The jump is in my fundraising account, which has gathered in more than $1,000 in the last 10 days. I continue to be surprised by the zeal with which people are contributing, as well as the size of the donations.

My old bud Steve Perry put in $131, which seemed kind of odd to me until he explained that (a) this was $10 per mile and (b) if I don’t finish the race, he wants change. He also says he lives near the course and often mans a water stop on race day. If I see Steve coming toward me holding out a paper cup…

The two runs were a five-miler on the National Mall Saturday morning and a four-mile “hilly” run in today’s early morning hours. Saturday’s run was sociable and pleasant, starting at Third and Penn and traversing the south side of the Mall, the Washington Monument, the WWII Memorial, Reflecting Pool, and Lincoln Memorial before reaching a turnaround point on Ohio Drive.  Given some stuff to look at and some folks to run with, the five miles seemed, if not effortless, at least nowhere near as hard as I’d expected.
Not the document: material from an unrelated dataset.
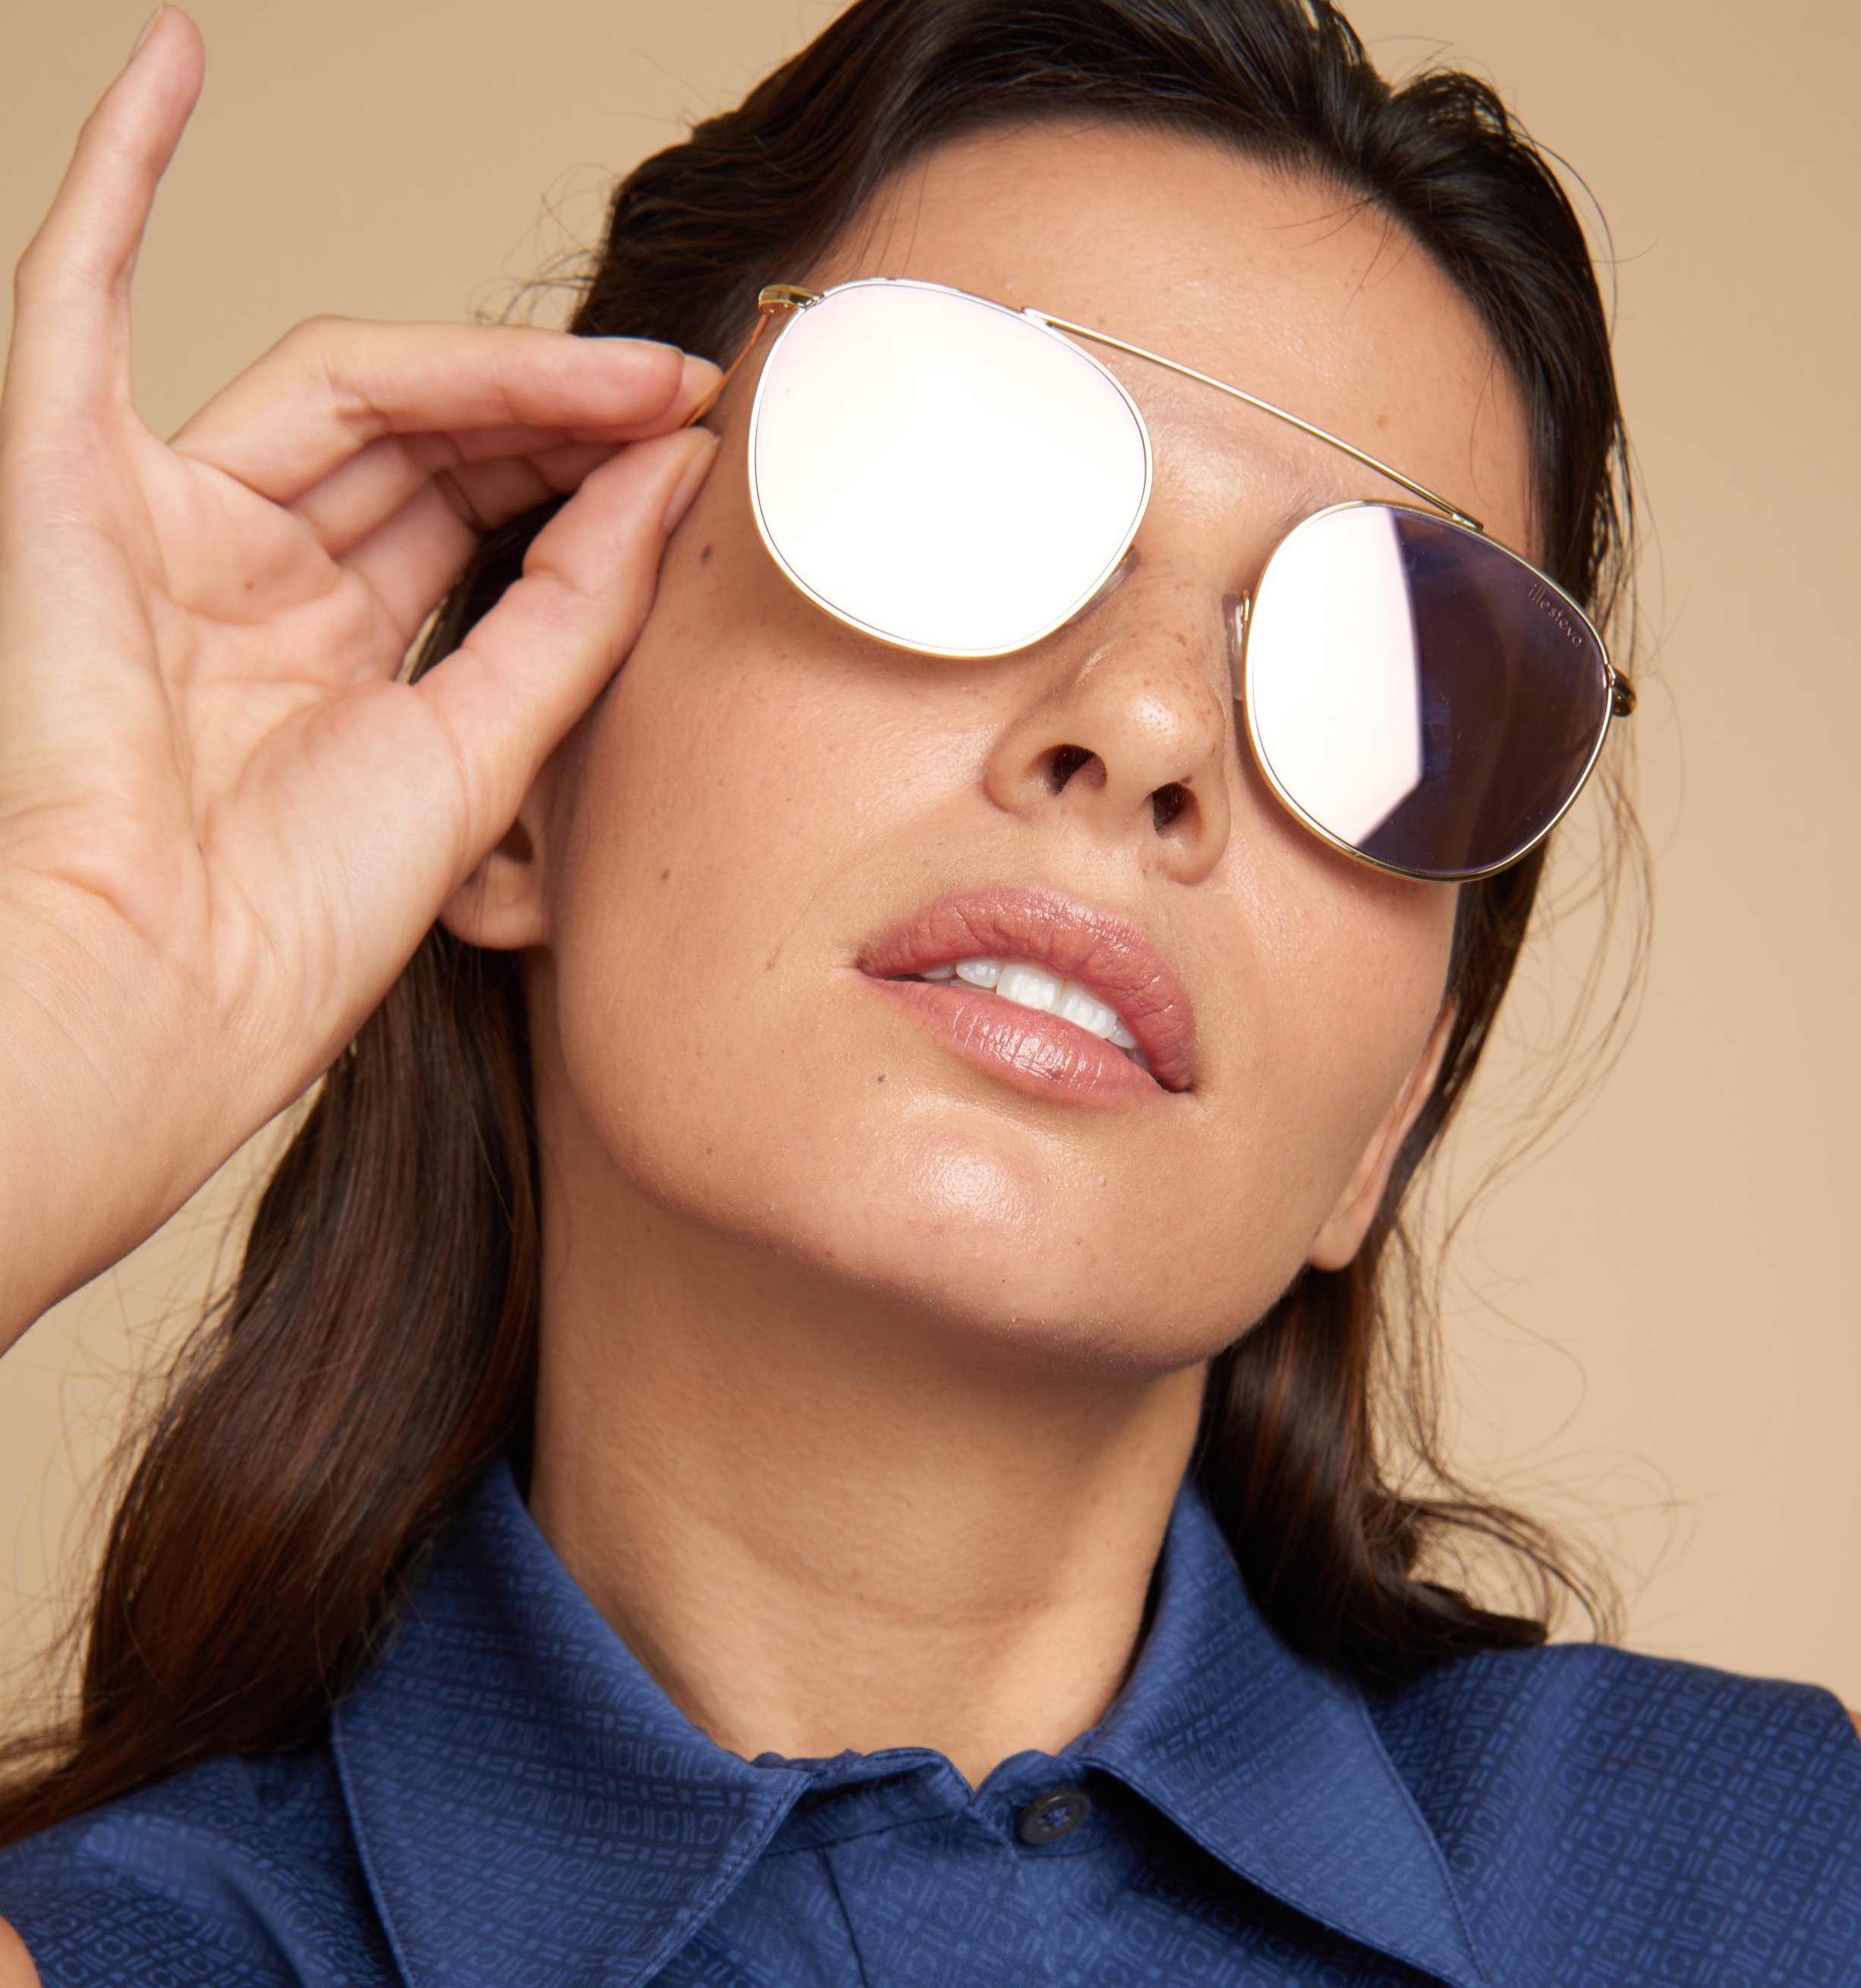 Headshot of Woman Wearing Sunglasses

This morning’s run around the neighborhood (seeking out hills to climb) was cold, dark and lonely and prompted diverse reflections on the Oscars, the Big Bang, the Meaning of Life and the not-unrelated question of just what the heck I think I’m doing.

Interesting book review in the Post Sunday on how artists and their works change in old age. Good to know, I guess, that Verdi was 80 when Falstaff premiered. I keep reminding myself, also, that Winston Churchill was older than I am now when he became prime minister in 1940.

On the other hand, to paraphrase my old hero Tom Lehrer, by the time Mozart was my age he had been dead 25 years.  

I may also have another way of turning time on itself. I’ve now had three consecutive runs interrupted by untied laces. And being a “man of a certain age,” if I once bend over to tie my shoelaces, nine times out of 10 I’ll discover I need a rest room…soon. The coaches have promised a clinic on lace-tying, though I suspect they’re joking. But just to be safe, maybe I’ll buy a pair of those little clippie-things they sell for kids’ shoelaces.

What do you think, maybe Buzz Lightyear?